Copy nothing but the lines below, from the one with "Soirée à canaux" through the one with "天然原石 ブラックトルマリン原石 電気石", exactly as written; no pictures should appear.

*Study material:*
╔══
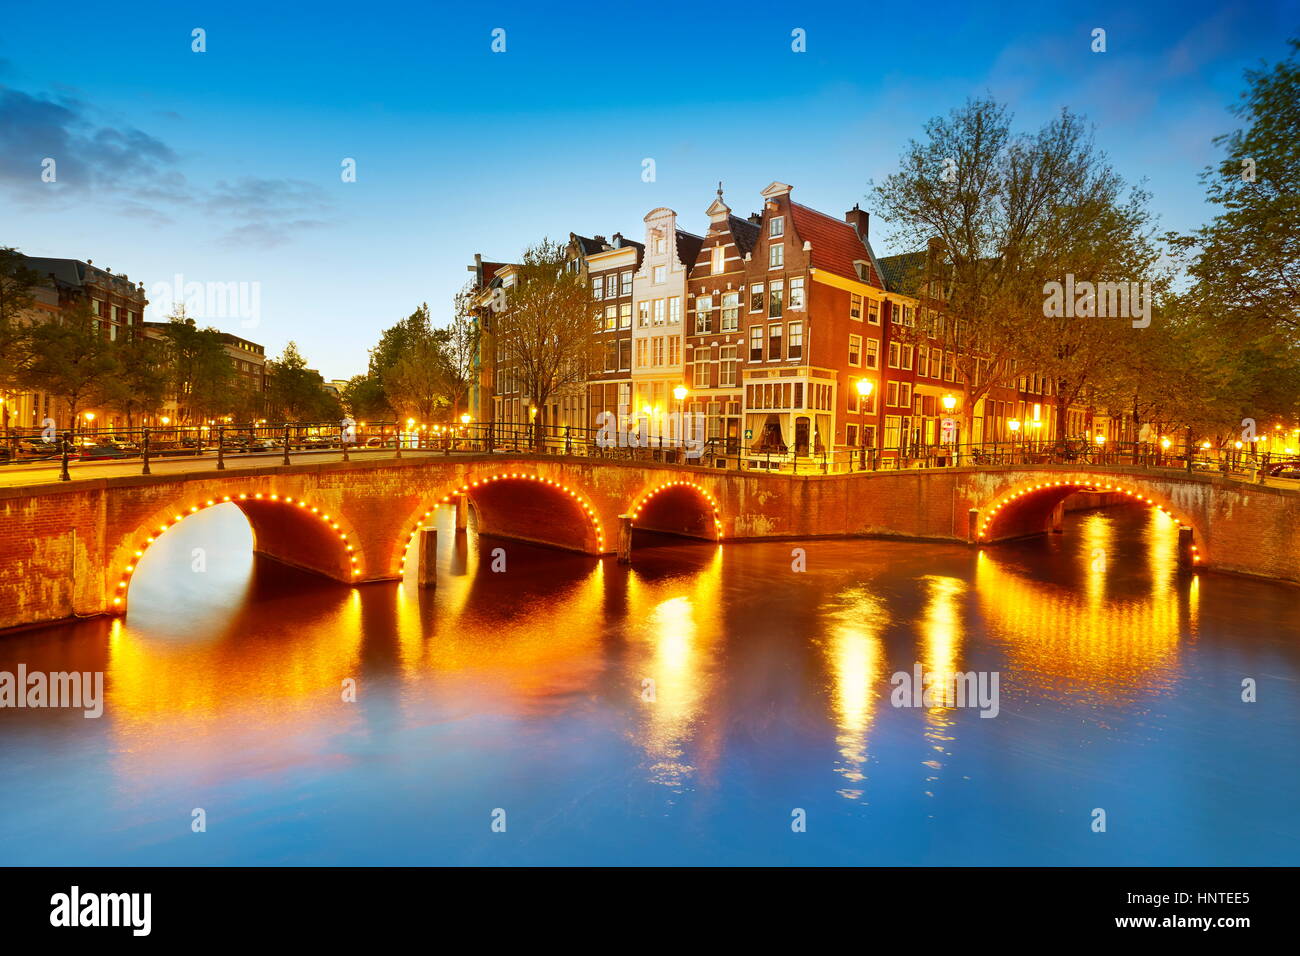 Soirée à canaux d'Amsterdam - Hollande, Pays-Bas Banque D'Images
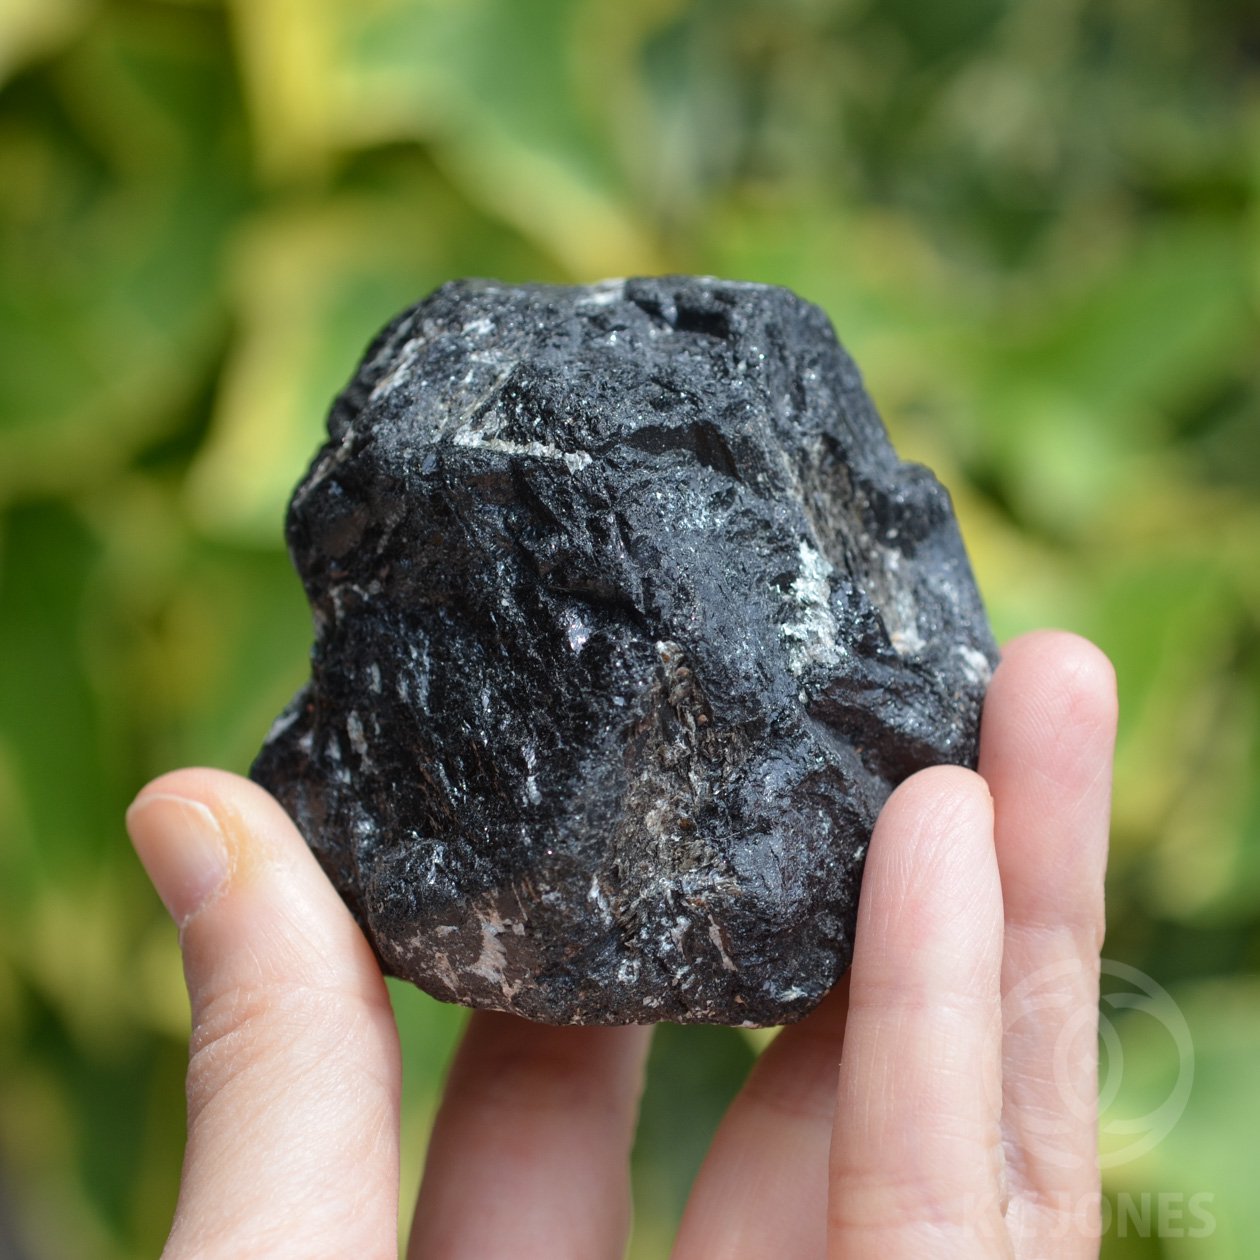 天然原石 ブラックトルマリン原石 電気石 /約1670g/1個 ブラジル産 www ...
╚══
╔══
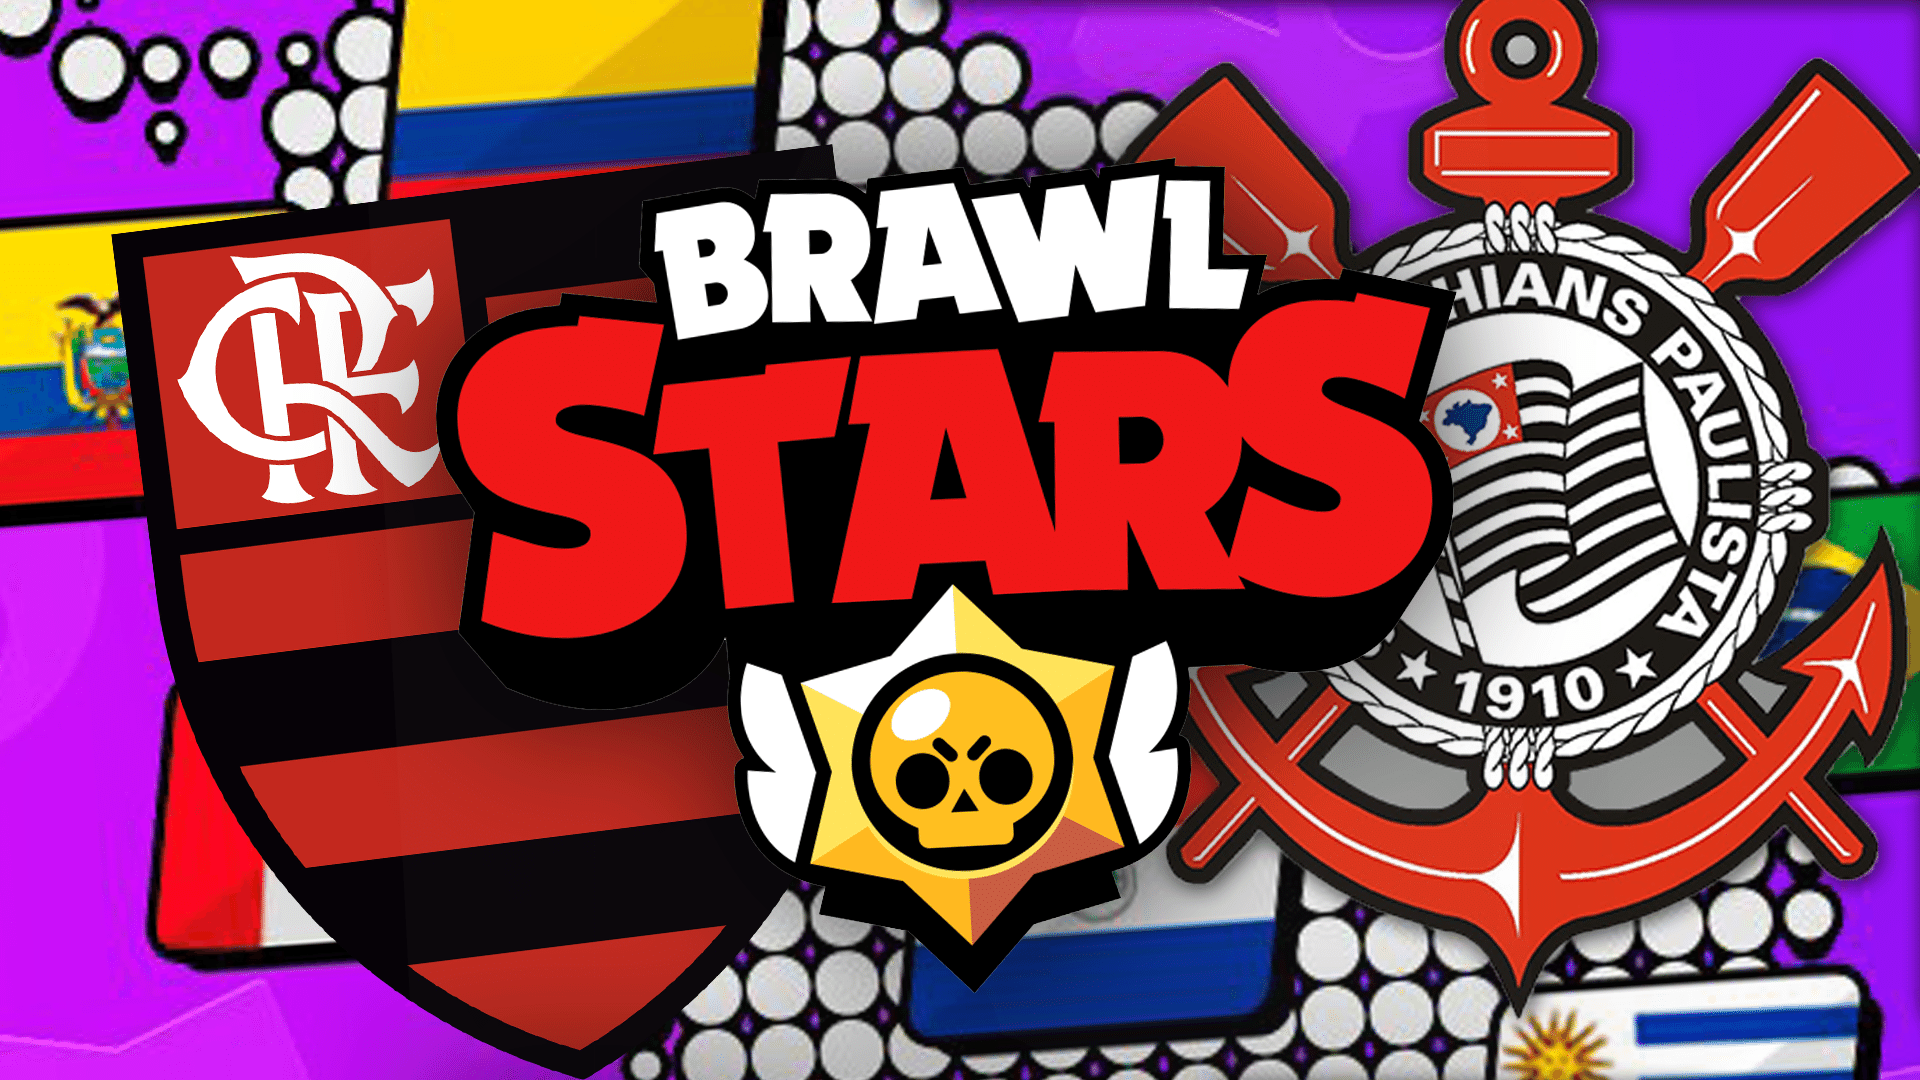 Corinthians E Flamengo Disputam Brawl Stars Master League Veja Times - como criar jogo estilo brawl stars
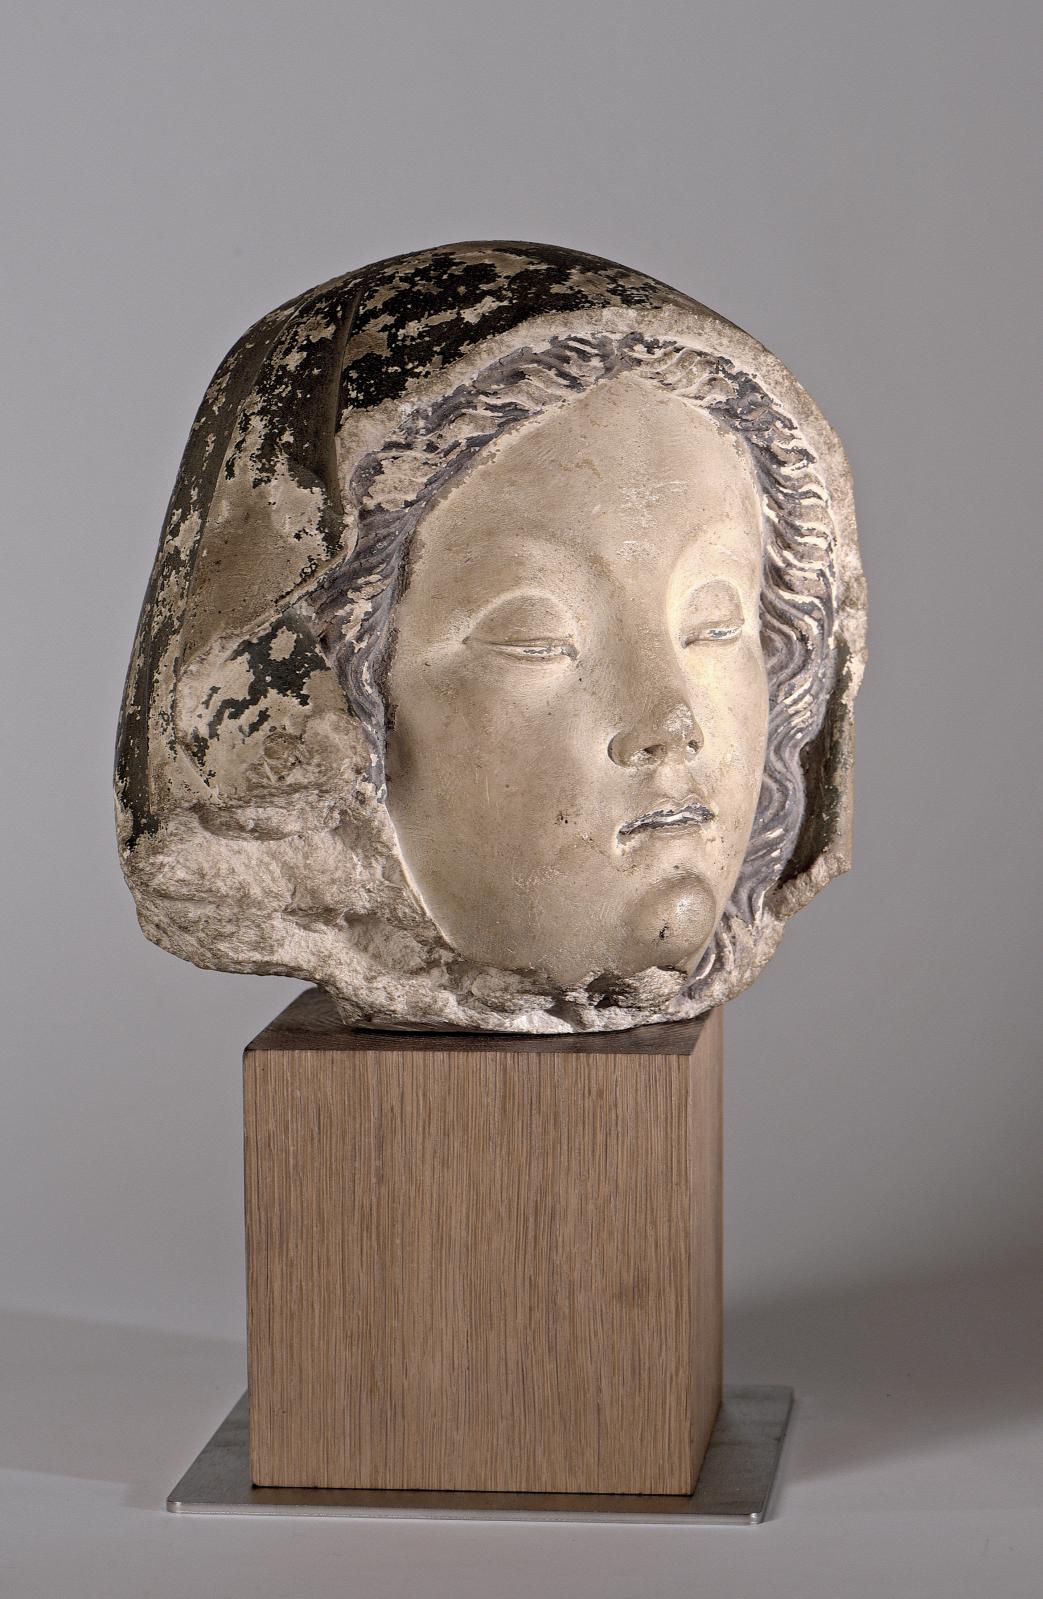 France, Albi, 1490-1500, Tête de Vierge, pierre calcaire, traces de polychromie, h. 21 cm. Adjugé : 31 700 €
╚══
*Task result:*
 Soirée à canaux d'Amsterdam - Hollande, Pays-Bas Banque D'Images
 天然原石 ブラックトルマリン原石 電気石 /約1670g/1個 ブラジル産 www ...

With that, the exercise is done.